What is more, not only are live AI services vulnerable to specific new and unexpected types of cyber-attacks, but also those unreleased ones. Depending on the type of AI model, it could take its learning data sets from publicly available data.

This data can be tampered with using techniques called data poisoning. Even though it’s hard to target a specific AI Service with this technique, it indeed can cause harm to the learning process of new AI models. On the other hand, the same modifications can be used as Intellectual Property protection against unlawful use of digital images publicized on the Internet.

Another similar cyber-attack aimed at AI is an adversarial attack; it derives from data poisoning by modifying the input data.
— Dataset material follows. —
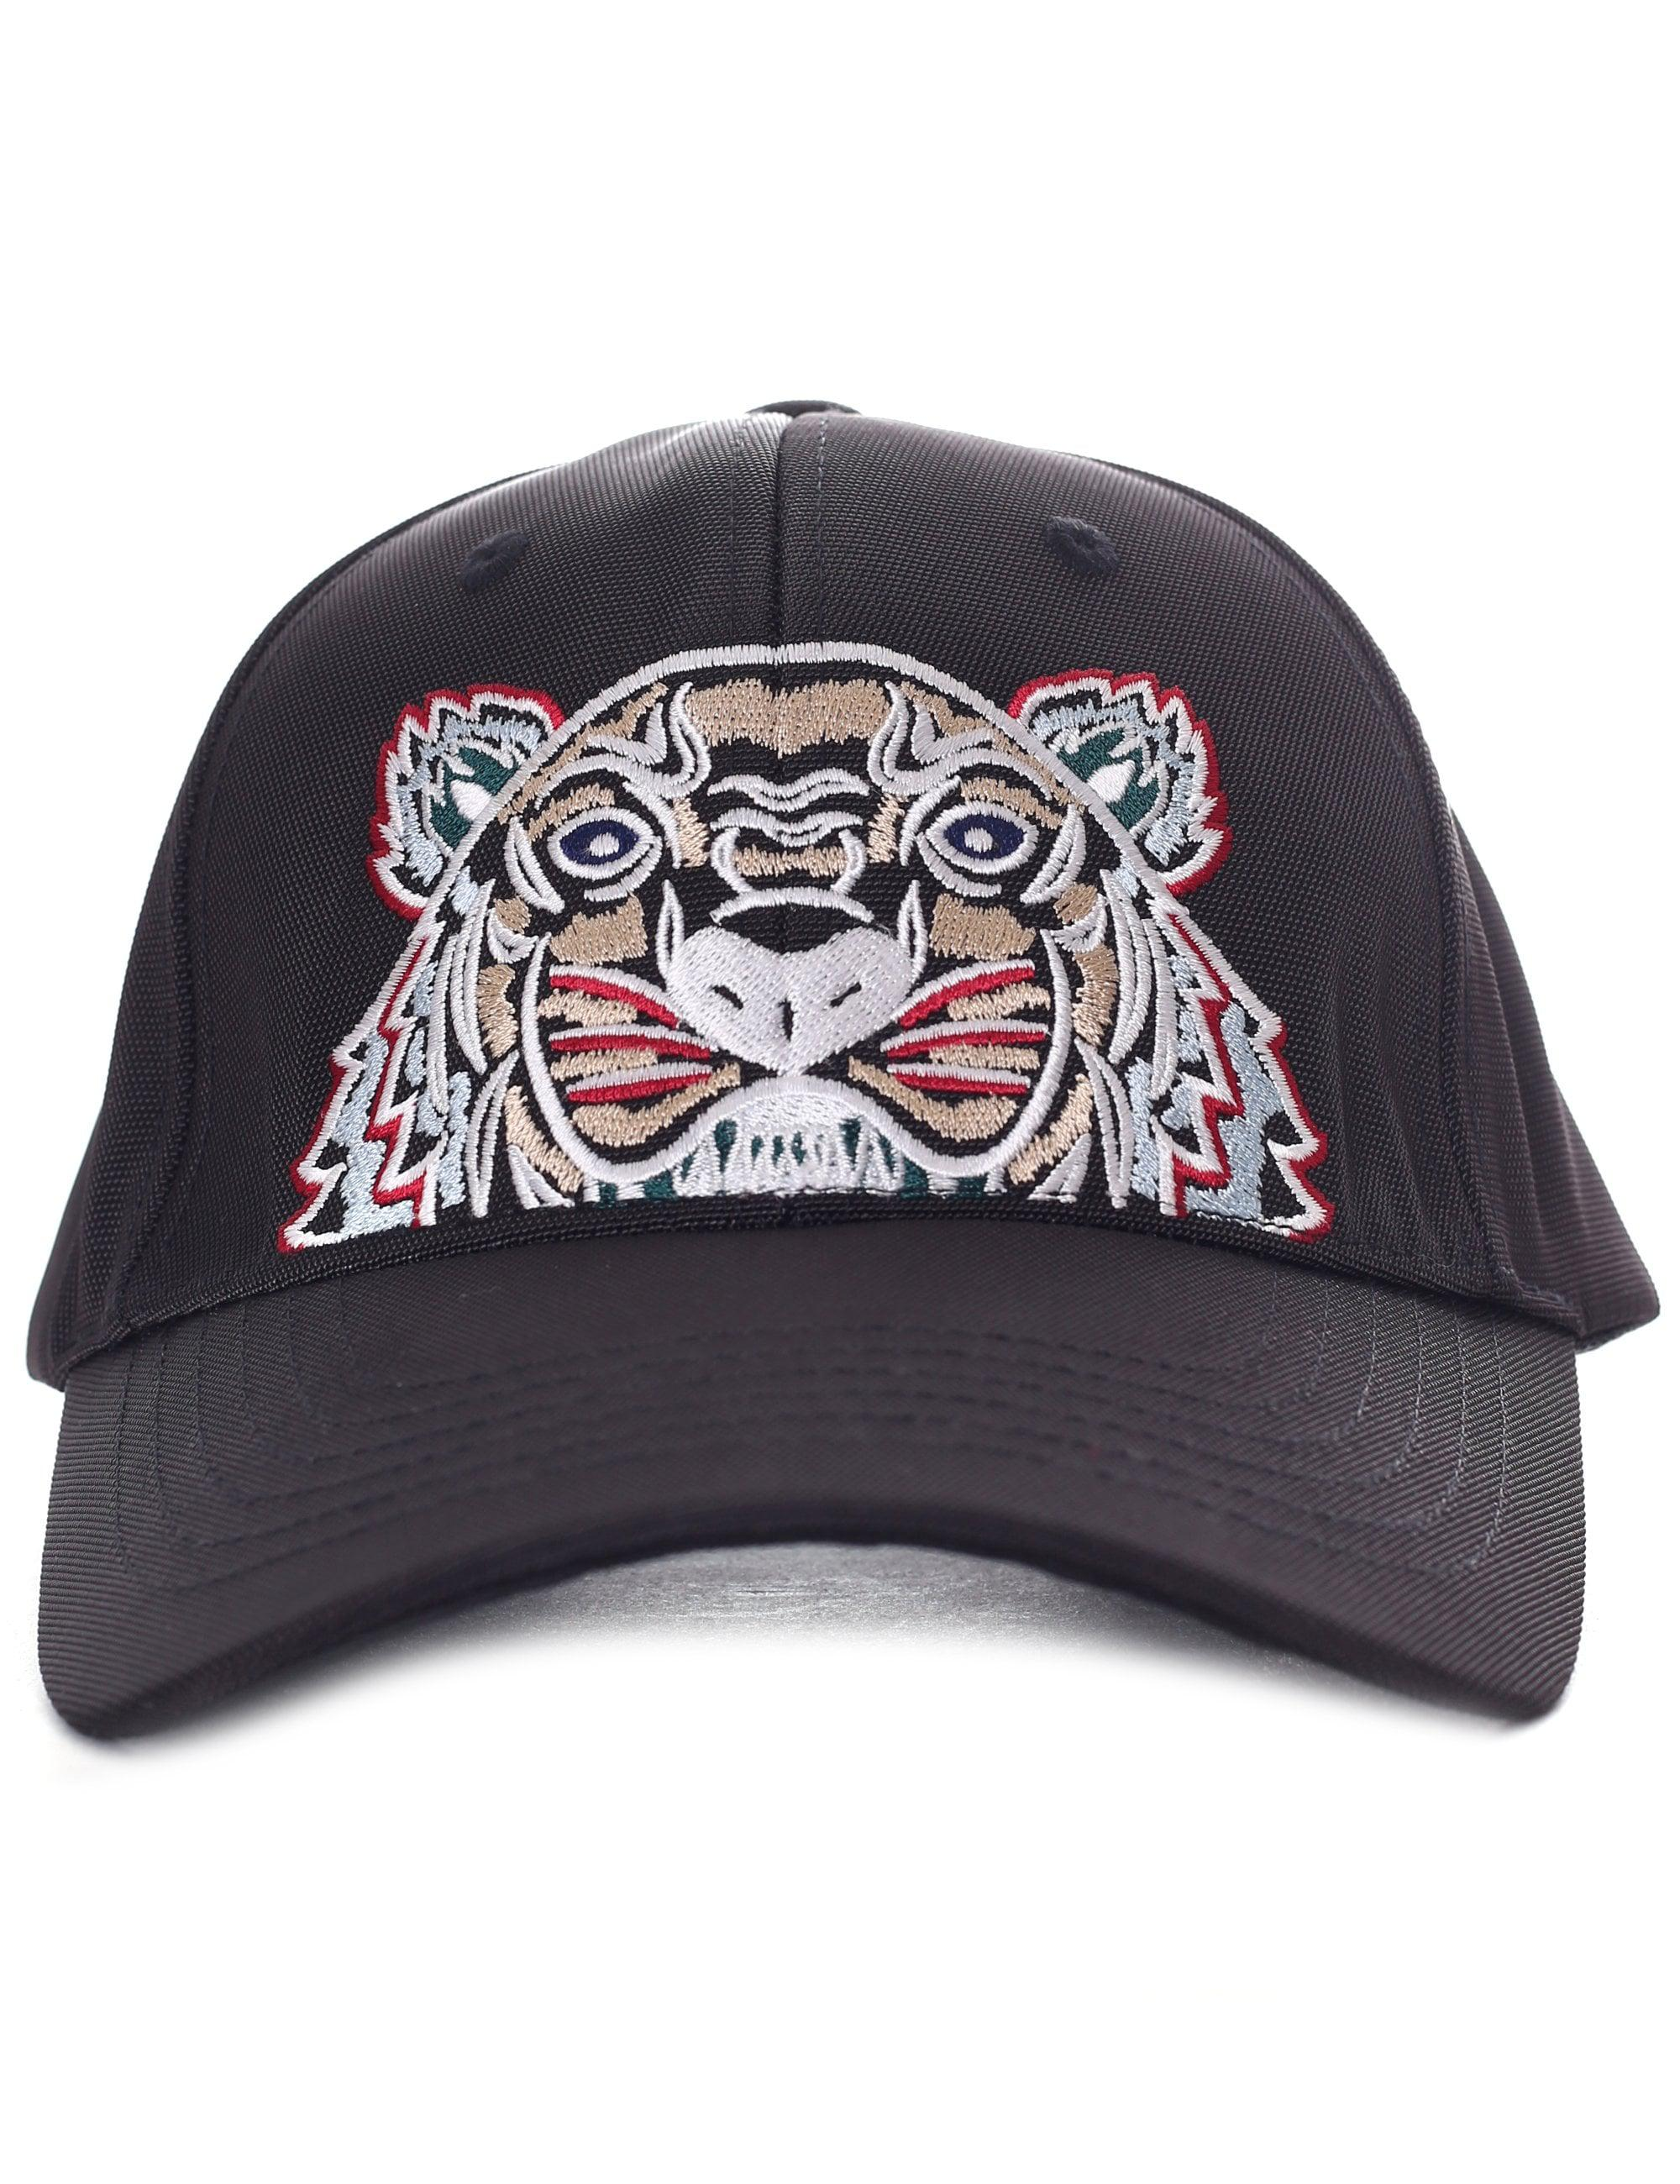 KENZO Men s Tiger Canvas Cap Black in Black for Men - Save 42% - Lyst b8c079d512ef

However, the goal is not to make the AI fail at achieving its intended goal but it tries to manipulate the outputs in a way that will take more work to detect. It aims to disrupt the AI model’s decision-making process and cause misclassifications or simply faulty outputs.

Using AI to aid in more standard cyber-attack techniques is a completely different approach. With some advanced AI models, one could analyze outputs from internet-facing services and possibly deduce technical details of the service implementation. With those details, a chatbot could be asked if there are any known exploits to those technologies.

Artificial Intelligence could also be used as a Control and Command server operator and perform unattended botnet operations like DDoS attacks.

Closing word

With all these threats waiting for businesses on the modern-day Internet, bringing your IT Solutions to the market may seem challenging. We need to keep in mind, however, that not only do the hackers work hard to develop new attack strategies but also the Security specialists work on providing better and better ways to keep the threats away.

Often, it may be necessary to onboard the company’s security team, which is always beneficial in the long run. But it is also worth knowing that countless Security Service Providers, like Azure, offer a broad spectrum of security measures an organization needs to implement.